Work to be completed >>
Everything from the line containing "Clarice Alves raconte" to the last line of the listing below should be restated exactly, both ends included, with nothing added and the pictures omitted.

(Beginning of Data block)

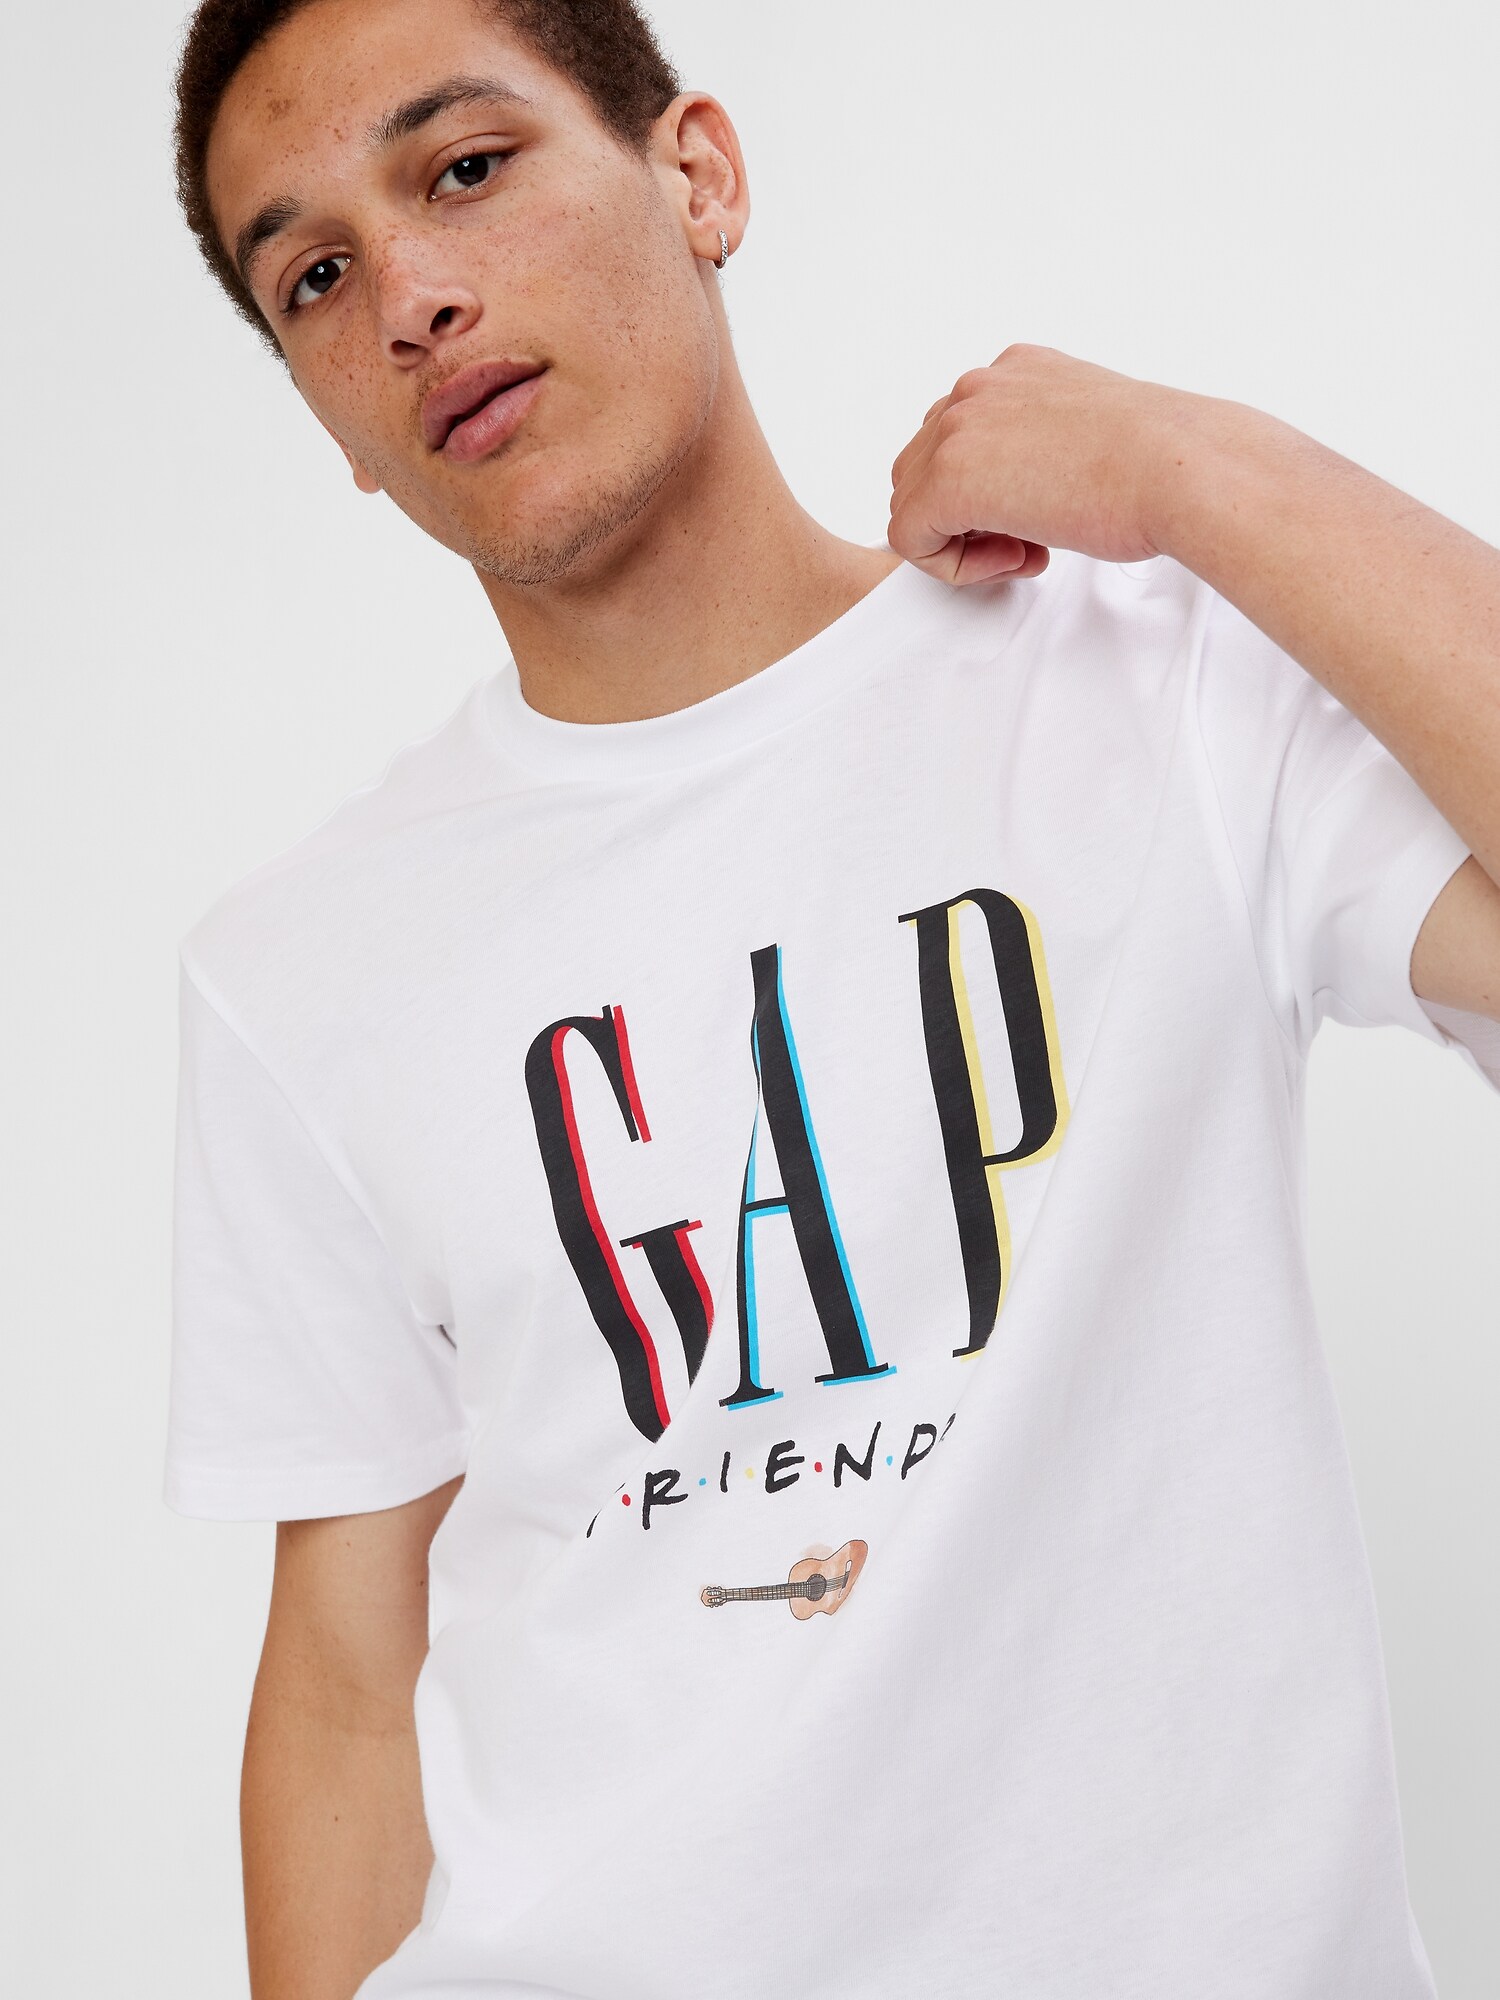 Wb™ フレンズ &#215 Gapロゴ グラフィックtシャツ
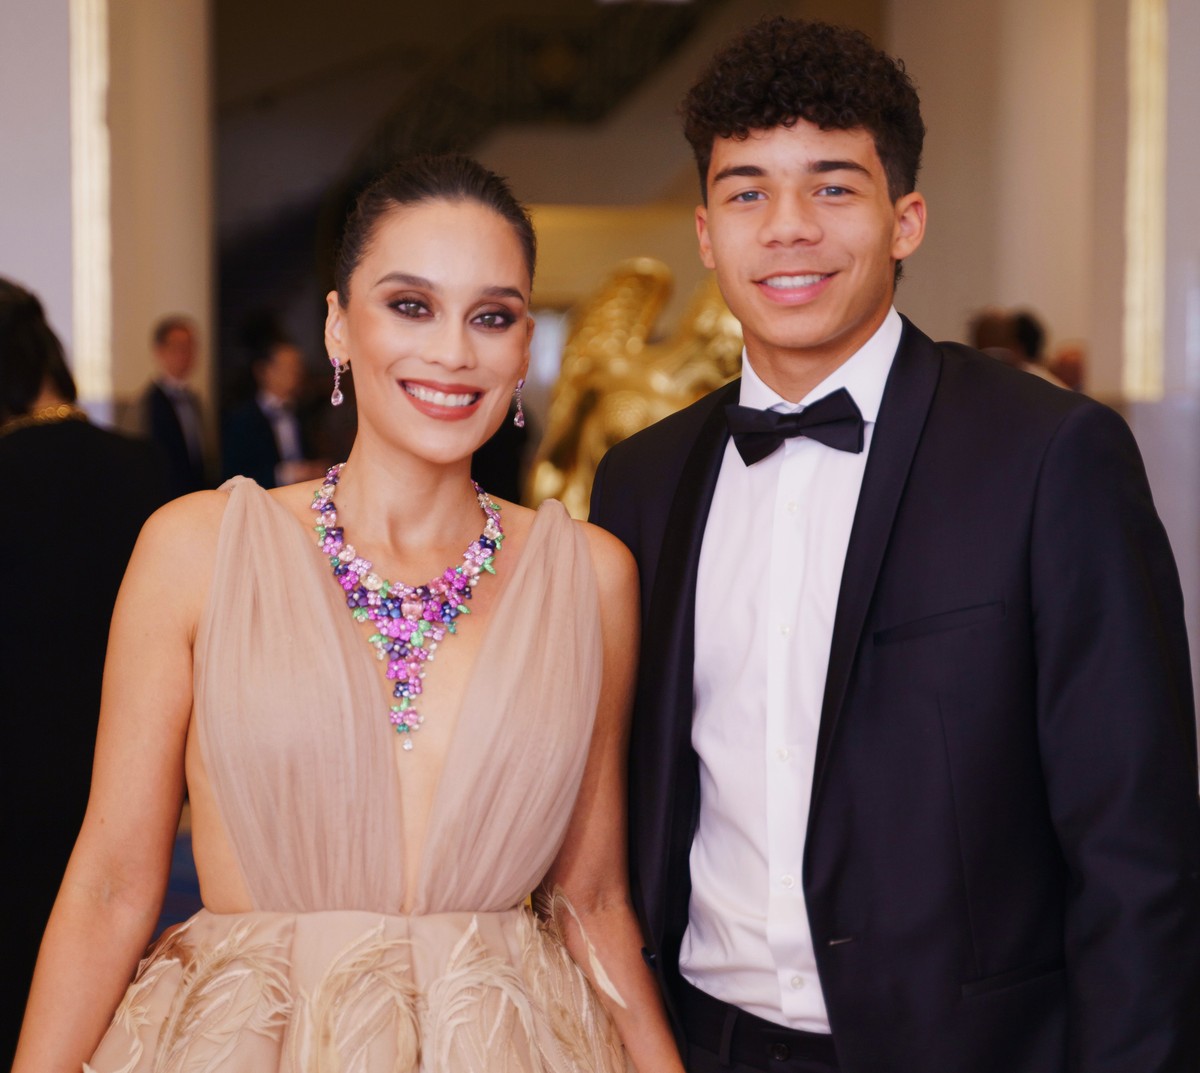 Clarice Alves raconte sa rencontre avec une star hollywoodienne à Cannes avec son fils Enzo |  célébrités
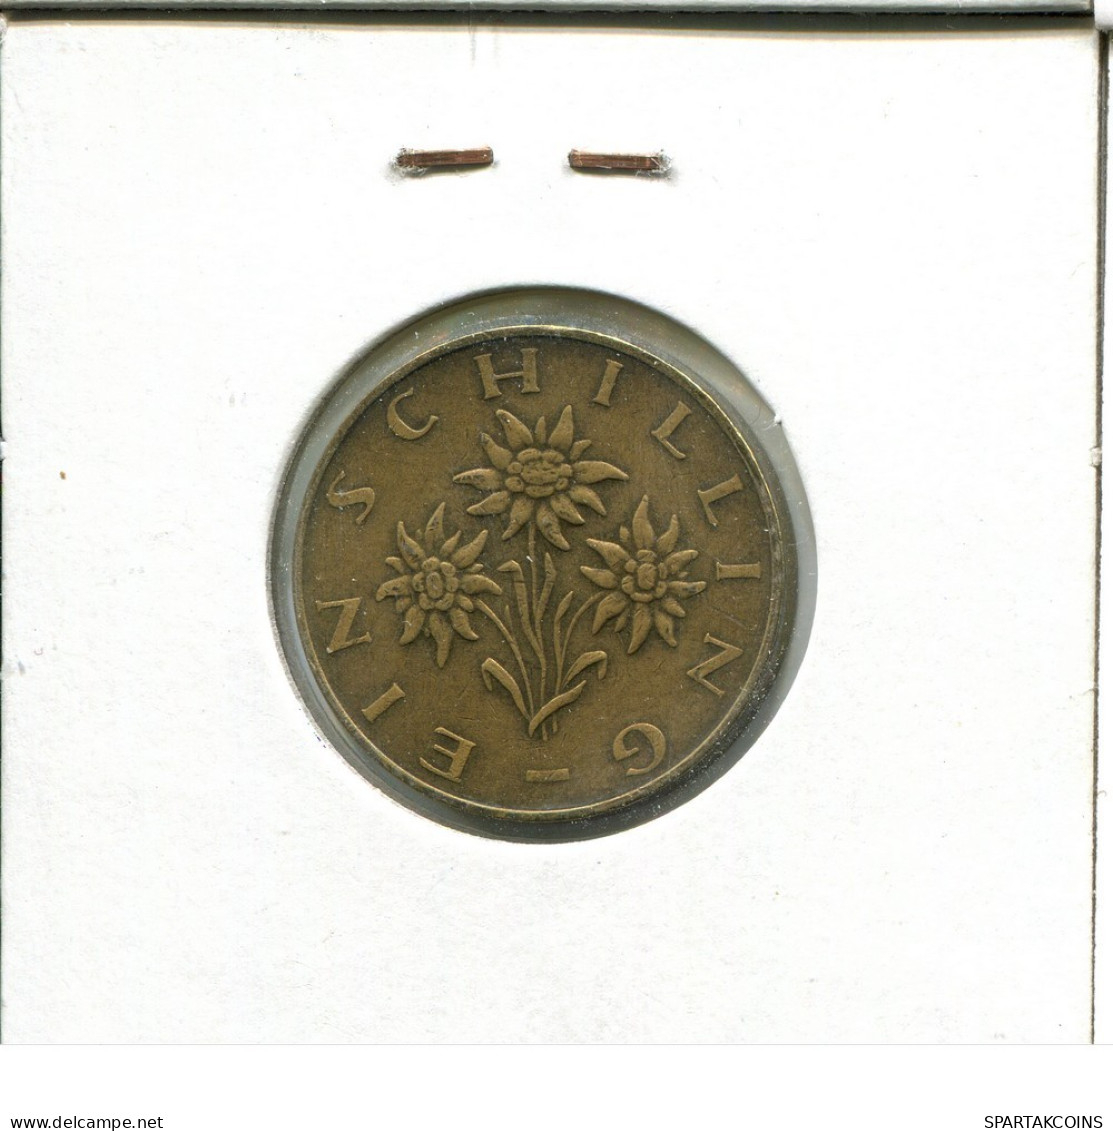 1 SCHILLING 1973 AUSTRIA Coin #AT633.U.A - Austria

(End of Data block)

Task solution >>
 Clarice Alves raconte sa rencontre avec une star hollywoodienne à Cannes avec son fils Enzo |  célébrités
 1 SCHILLING 1973 AUSTRIA Coin #AT633.U.A - Austria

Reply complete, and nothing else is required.